- Full name: Katarzyna Iwona Jurkowska-Kowalska
- Born: 18 February 1992 (age 34) Kraków, Poland
- Height: 1.61 m (5 ft 3 in)

Gymnastics career
- Discipline: Women's artistic gymnastics
- Country represented: Poland (2007 - 2019)
- Club: Wisła Kraków
- Head coaches: Joanna-Uracz-Kocur, Przemysław Lis
- Former coaches: Beata Bodzoń, Valerij Kovalenko
- Eponymous skills: Floor Exercise: split jump with 1/1 turn to ring Balance Beam: double twisting Gainer dismount
- Medal record
Women's artistic gymnastics
Representing Poland
FIG World Cup
| Event | 1st | 2nd | 3rd |
| World Challenge Cup | 1 | 3 | 1 |

= Katarzyna Jurkowska-Kowalska =

Polish artistic gymnast

Katarzyna Iwona Jurkowska-Kowalska (born 18 February 1992) is a Polish former artistic gymnast and a two-time Polish all-around champion. She represented Poland at the 2016 Summer Olympic Games in Rio de Janeiro.

==Gymnastics career==
Jurkowska-Kowalska began gymnastics when she was six years old. She competed at her first World Championships in 2007 and helped the Polish team finish 22nd. She also competed at the 2009 World Championships and finished 52nd in the all-around qualification round.

Jurkowska-Kowalska competed at the 2010 World Championships alongside Marta Pihan-Kulesza, Gabriela Sasnal, Paula Plichta, Monika Frandofert, and Joanna Litewka, and they finished 17th in the team qualification round. At the 2011 Ostrava World Challenge Cup, she won a silver medal on the balance beam.

Jurkowska-Kowalska won a silver medal on the balance beam at the 2012 Maribor World Challenge Cup behind Céline van Gerner. She qualified for the balance beam final at the 2013 European Championships and finished fifth. She also finished fifth on the balance beam at the 2014 Cottbus World Cup. She then helped the Polish team finish 10th at the 2014 European Championships. Then at the 2014 World Championships, she competed with the Polish team that finished 17th.

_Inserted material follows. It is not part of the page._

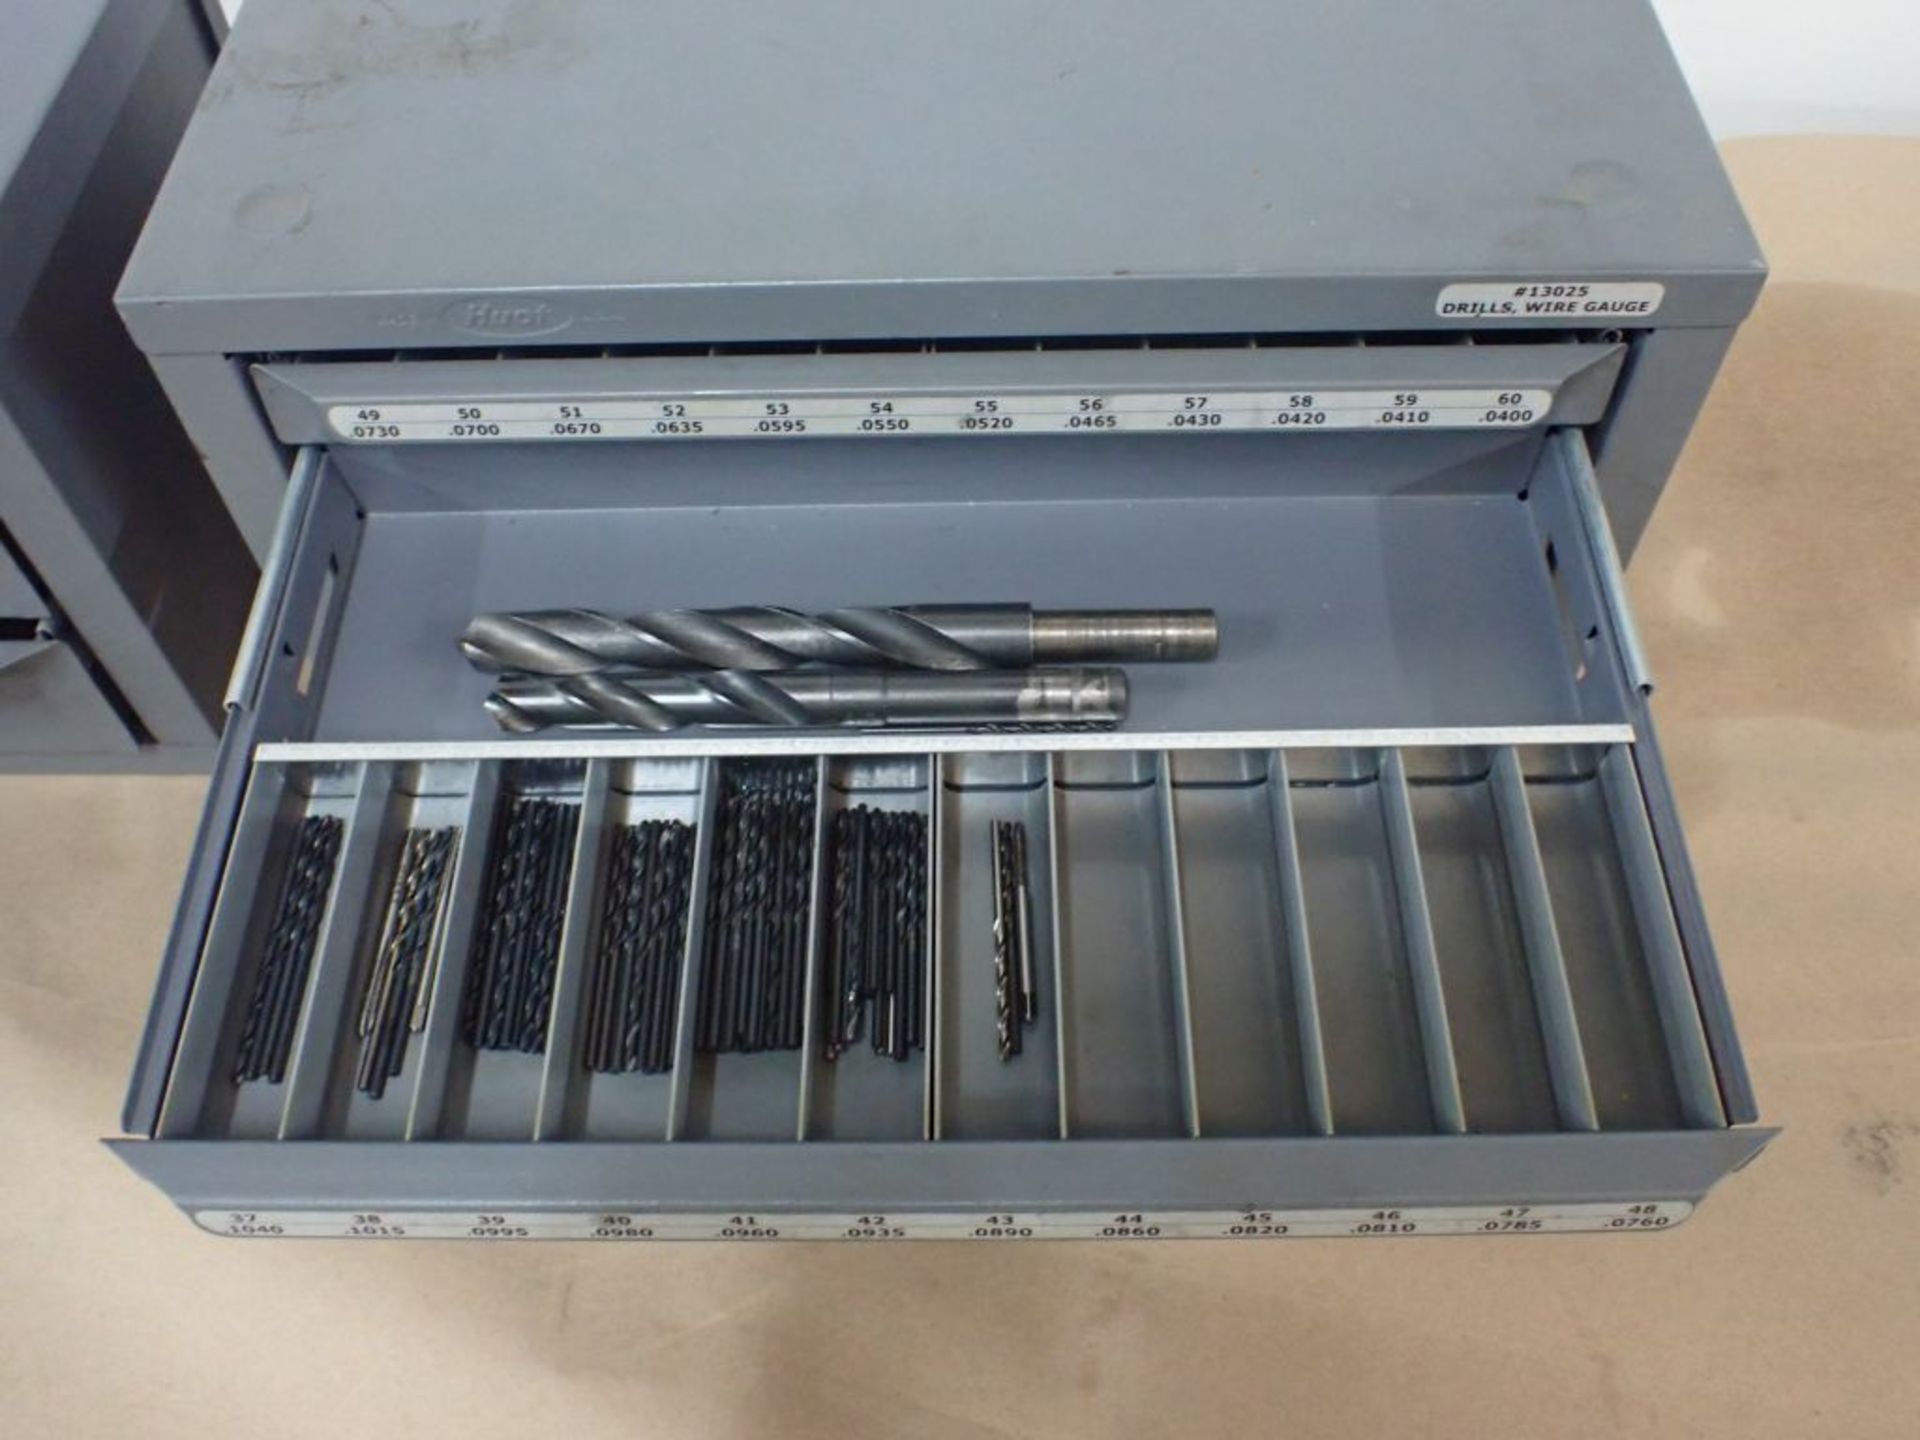 Lot of (3) Huot Metal Tool Small Cabinets - 14-1/2"W x 7-1/2"L x 8-1/2"H; Tag: 219464 - Image 16 of 23
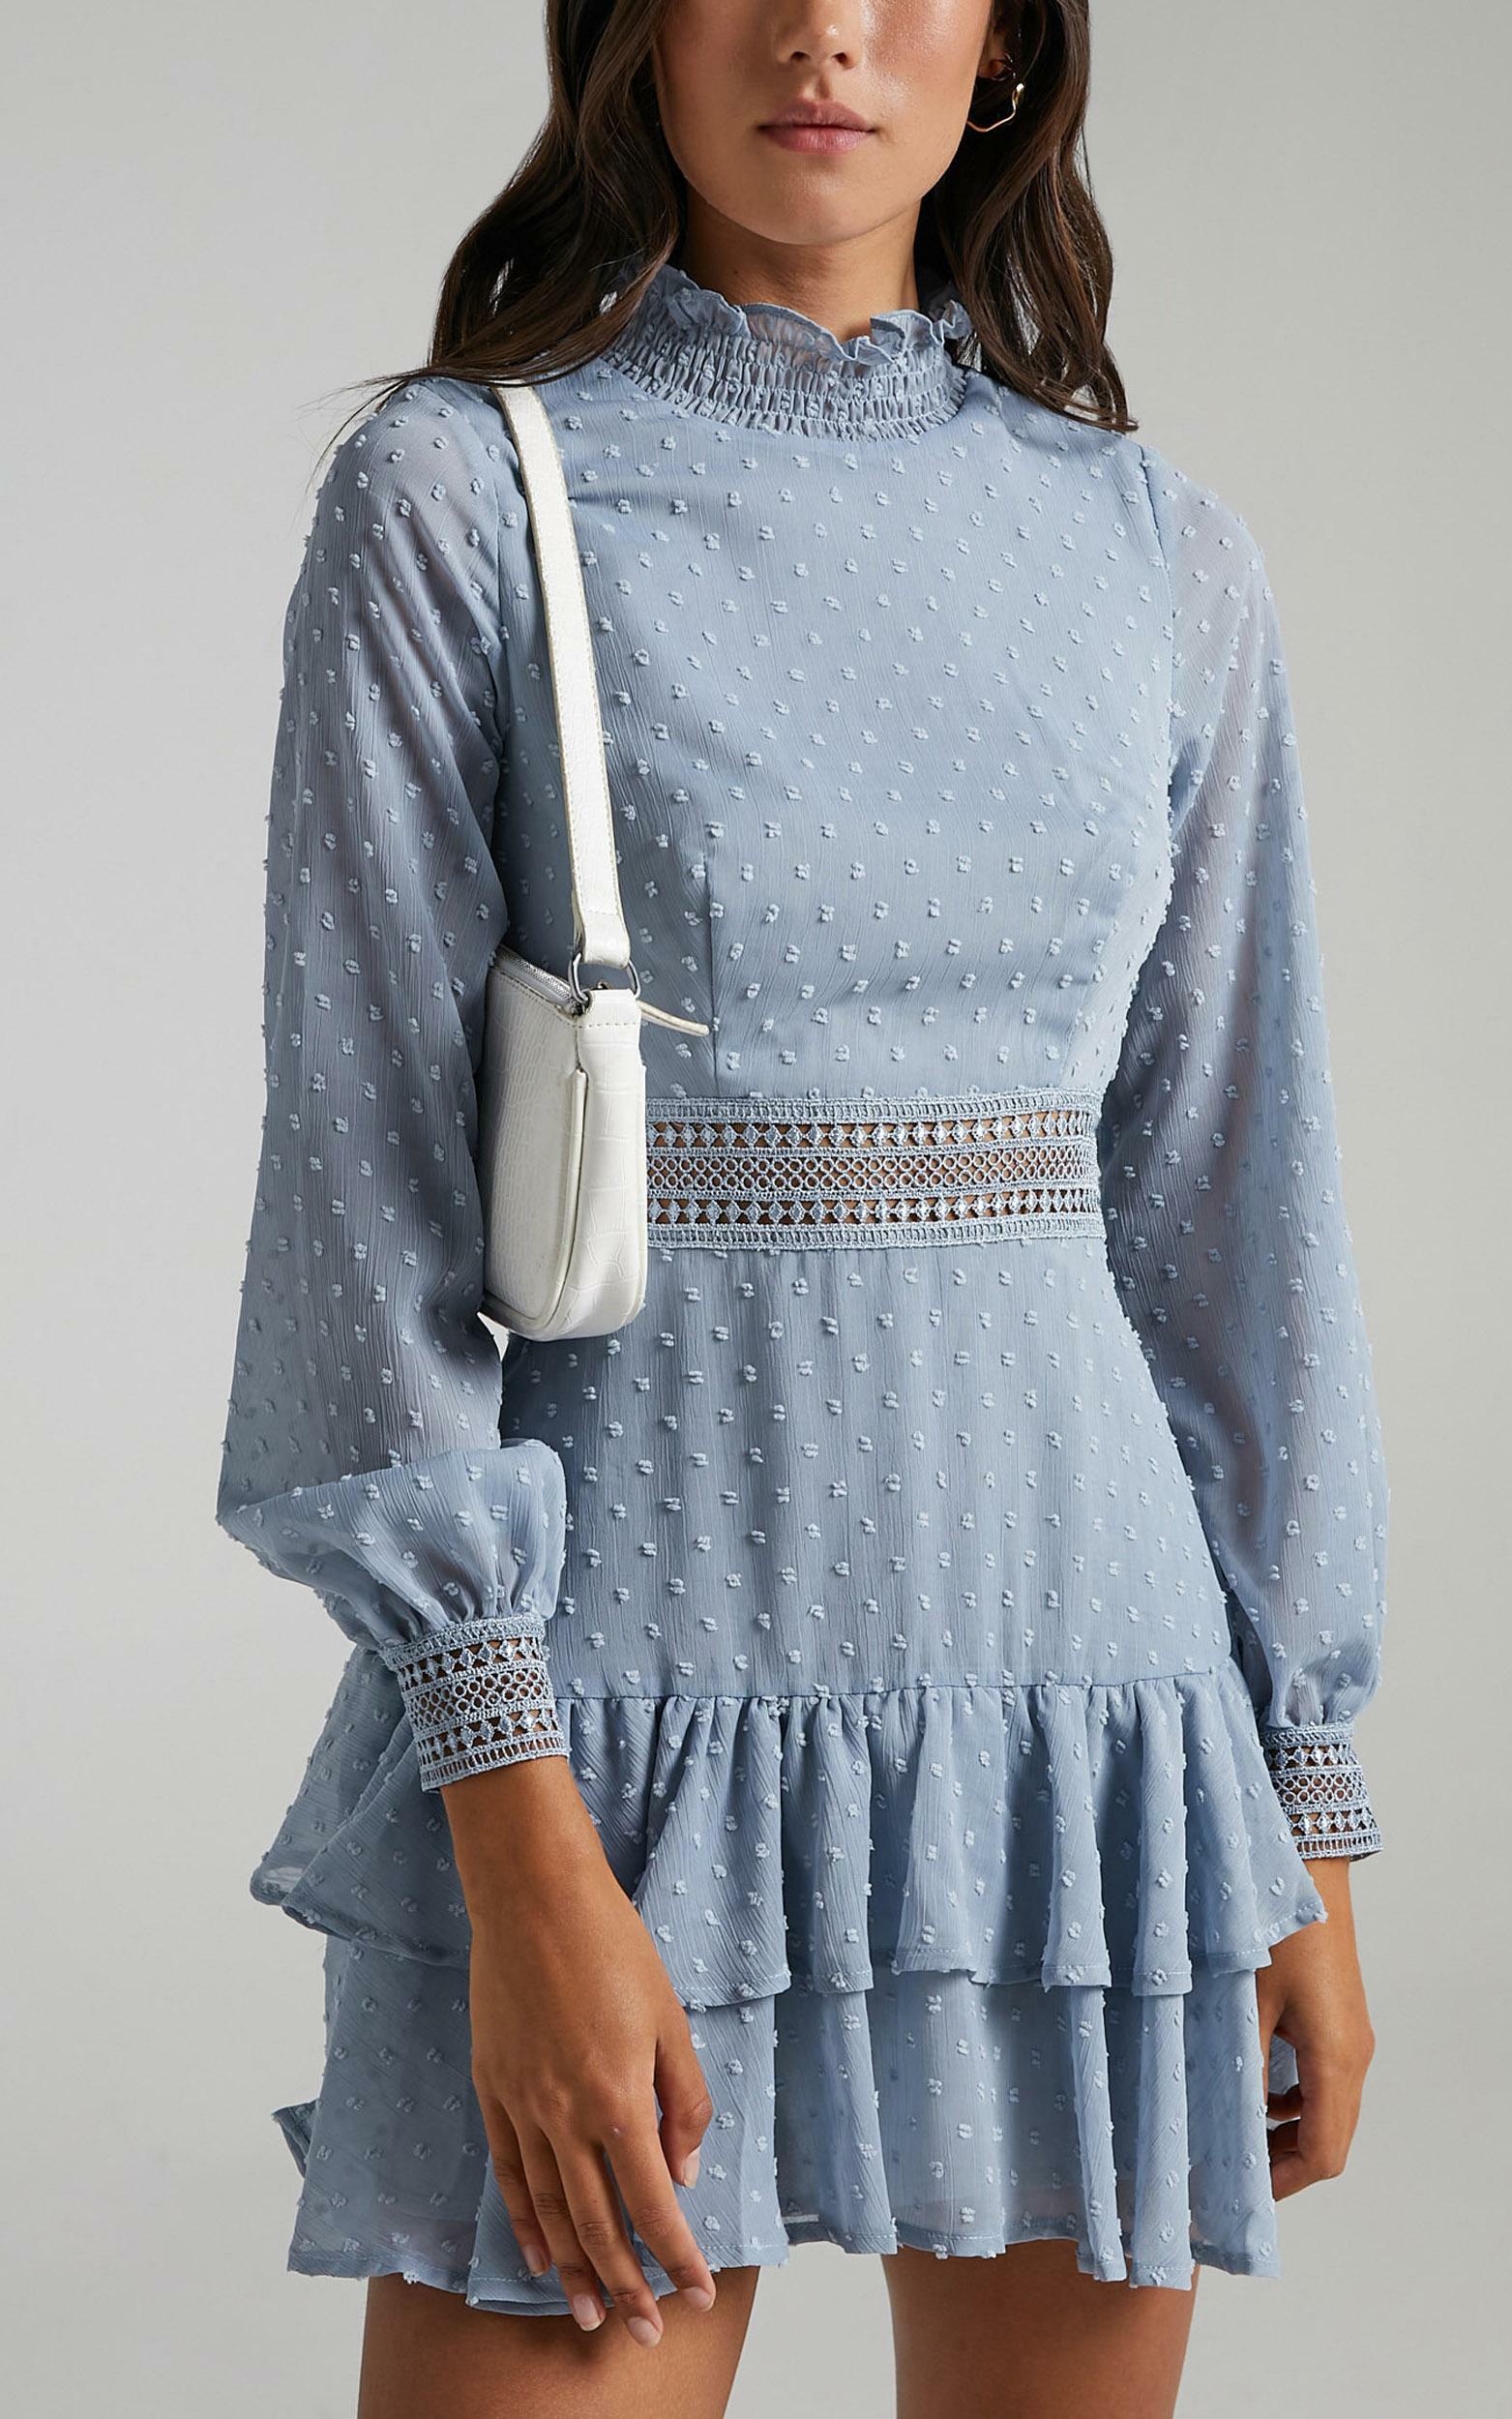 Are You Gonna Kiss Me Long Sleeve Mini Dress in Dusty Blue - 04, BLU2, hi-res image number null

Jurkowska-Kowalska was the second reserve for the all-around final at the 2015 European Championships. She then competed with the Polish team that finished 11th at the 2015 European Games. She then helped the Polish team finish 19th at the 2015 World Championships.

Jurkowska-Kowalska competed at the 2016 Olympic Test Event and finished 32nd in the all-around, helping Poland receive an Olympic berth. The Polish Gymnastics Association announced Jurkowska-Kowalska would be selected for the berth since she was the highest-placing Polish gymnast at the Olympic Test Event. She won a gold medal on the balance beam at the 2016 Cottbus World Challenge Cup, where she also won the floor exercise silver medal. Then at the Varna World Challenge Cup, she won a bronze medal on the vault. She finished eighth in the vault final at the 2016 European Championships.

Jurkowska-Kowalska represented Poland at the 2016 Summer Olympics and finished 49th in the all-around during the qualification round, failing to advance to any finals.

Jurkowska-Kowalska announced her retirement from gymnastics in January 2019.

==Eponymous skills==
Jurkowska-Kowalska has two eponymous skills listed in the Code of Points.

| Apparatus | Name | Description | Difficulty | Added to the Code of Points |
|---|---|---|---|---|
| Balance beam | Jurkowska-Kowalska | Gainer salto stretched with 2/1 twist (720°) at end of the beam | E (0.5) | 2018 World Championships |
| Floor exercise | Jurkowska-Kowalska | Split jump with 1/1 turn (360°) to ring position | C (0.3) | 2014 World Championships |

==Family==
She is married to Arkadiusz Kowalski, a professional handball player. On September 3, 2019, she gave birth to a son.